Run cli, we got this:

$ ~/dev/jf-tech/omniparser/cli.sh transform -i input.csv -s schema.json
[
	"01/31/2019 12:34:56-0800       10.5      30.2       N            33",
	"07/31/2020 01:23:45-0500         39        95      SE             8"
]

Wow, we're getting something! Although not exactly matching what we want in The Desired Output, it's a big step forward!

Seems like the ingestion and transform directly copy each line from the input.csv and output as a JSON text string in the final output JSON array.

To understand what's behind the scene and build the foundation of understanding the inner working of the parser, we need to deviate from the schema writing for a moment...

How Each Ingested Data Record Is Represented in Memory

Short answer: IDR.

IDR is an in-memory data representation format used by omniparser for the ingested data from all input formats. If you're interested in more technical details, check the IDR doc mentioned above.

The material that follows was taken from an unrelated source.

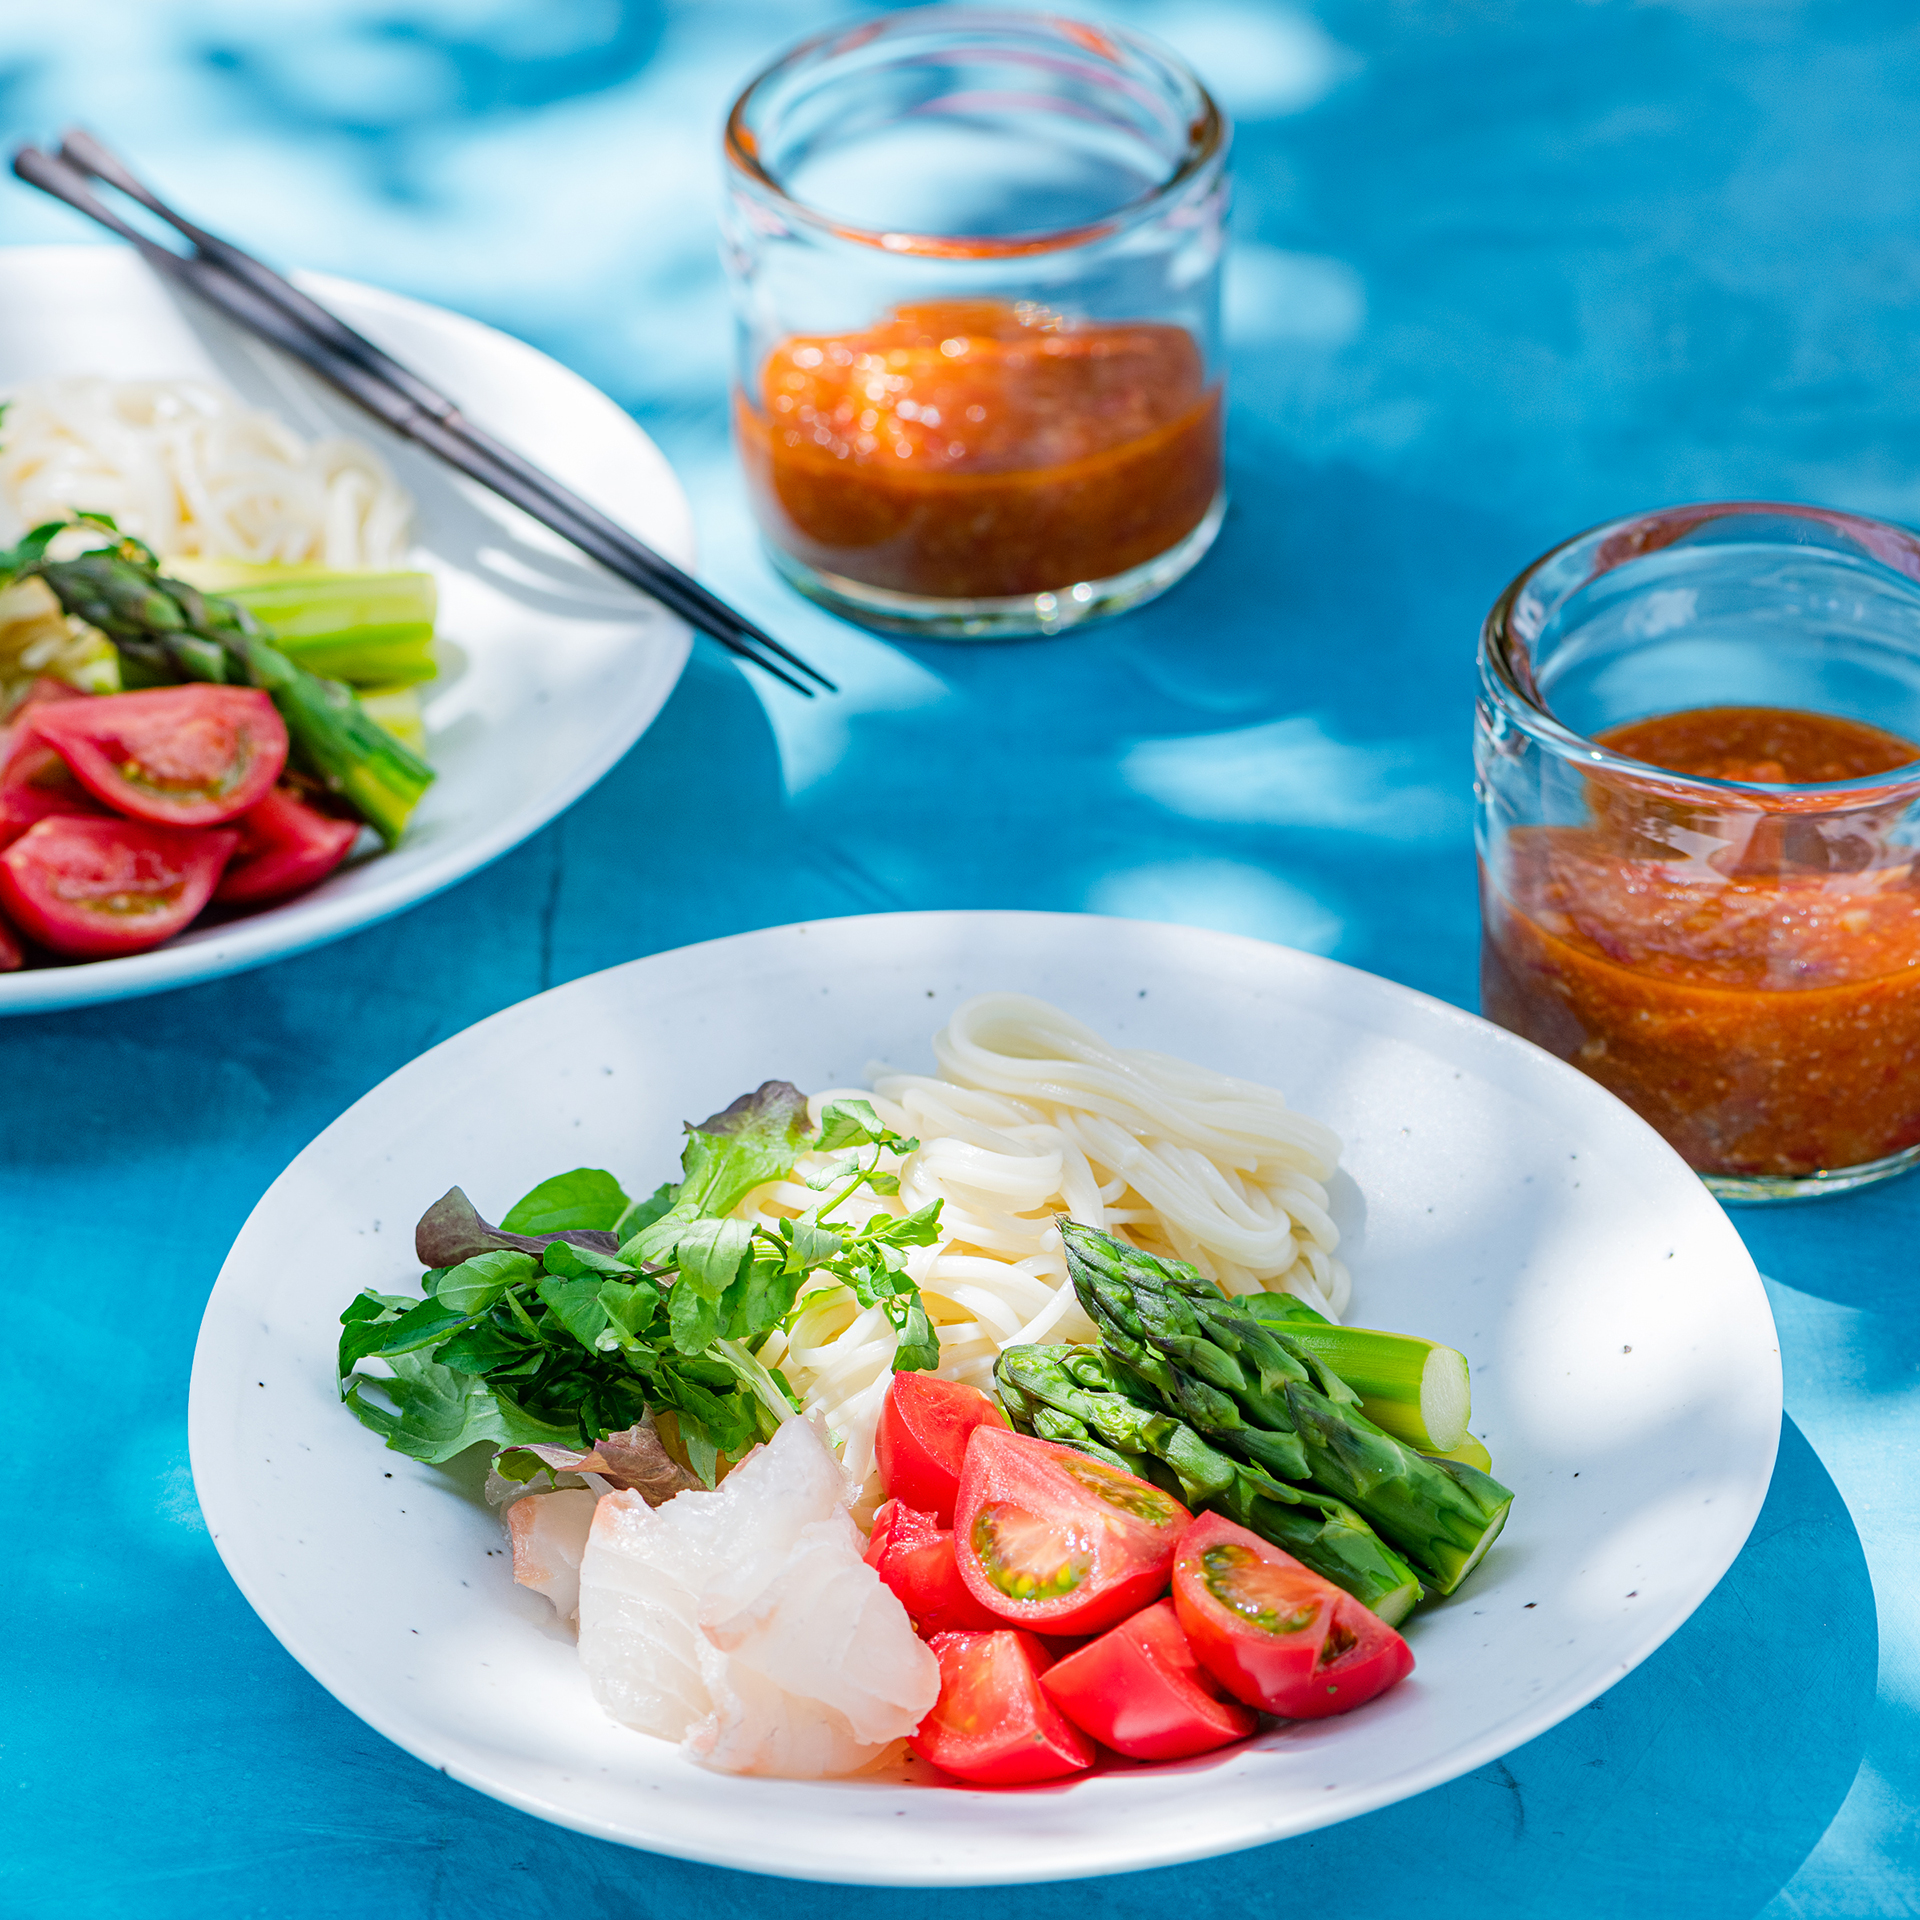 Green Web 赤と緑の元気野菜で 夏の麺料理をおしゃれに Vol トマトとアスパラのサラダつけ麺

CSV has a very simple IDR representation: each data line is mapped to an IDR tree, where each column is mapped to the tree's leaf nodes. So for our sample input csv here, the first data line would be represented by the following IDR:

|
+--"DATE"
|    +--"01/31/2019 12:34:56-0800"
|
+--"HIGH TEMP C"
|    +--"       10.5"
|
+--"LOW TEMP F"
|    +--"         39"
|
+--"WIND DIR"
|    +--"       N"
|
+--"WIND SPEED KMH"
     +--"            33"

You can imaginarily convert the IDR into XML which helps you understand the extensive use of XPath queries later in transformation:

<>
   <DATE>01/31/2019 12:34:56-0800</DATE>
   <HIGH TEMP C>       10.5</HIGH TEMP C>
   <LOW TEMP F>         39</LOW TEMP F>
   <WIND DIR>       N</WIND DIR>
   <WIND SPEED KMH>            33</WIND SPEED KMH>
</>

Note XML/XPath don't like element name containing spaces. While IDR doesn't care about names with spaces, XPath queries used in transforms do care and will break. So we'd like to assign some XPath friendly column names in our schema (replacing space with '_'):

Let's make small modifications to our schema:

{
    "parser_settings": {
        "version": "omni.2.1",
        "file_format_type": "csv2"
    },
    "file_declaration": {
        "delimiter": "|",
        "records": [
            {
                "header": "^DATE|HIGH TEMP C|LOW TEMP F|WIND DIR|WIND SPEED KMH$",
                "min": 1, "max": 1
            },
            {
                "is_target": true,
                "columns": [
                    { "name": "DATE" },
                    { "name": "HIGH_TEMP_C" },
                    { "name": "LOW_TEMP_F" },
                    { "name": "WIND_DIR" },
                    { "name": "WIND_SPEED_KMH" }
                ]
            }
        ]
    },
    "transform_declarations": {
        "FINAL_OUTPUT": {}
    }
}

Rerun the CLI to ensure everything is still working. Now the IDR and its imaginary converted XML equivalent look like this:

<>
   <DATE>01/31/2019 12:34:56-0800</DATE>
   <HIGH_TEMP_C>       10.5</HIGH_TEMP_C>
   <LOW_TEMP_F>         39</LOW_TEMP_F>
   <WIND_DIR>       N</WIND_DIR>
   <WIND_SPEED_KMH>            33</WIND_SPEED_KMH>
</>

Remember this, and we'll move onto some real transformation!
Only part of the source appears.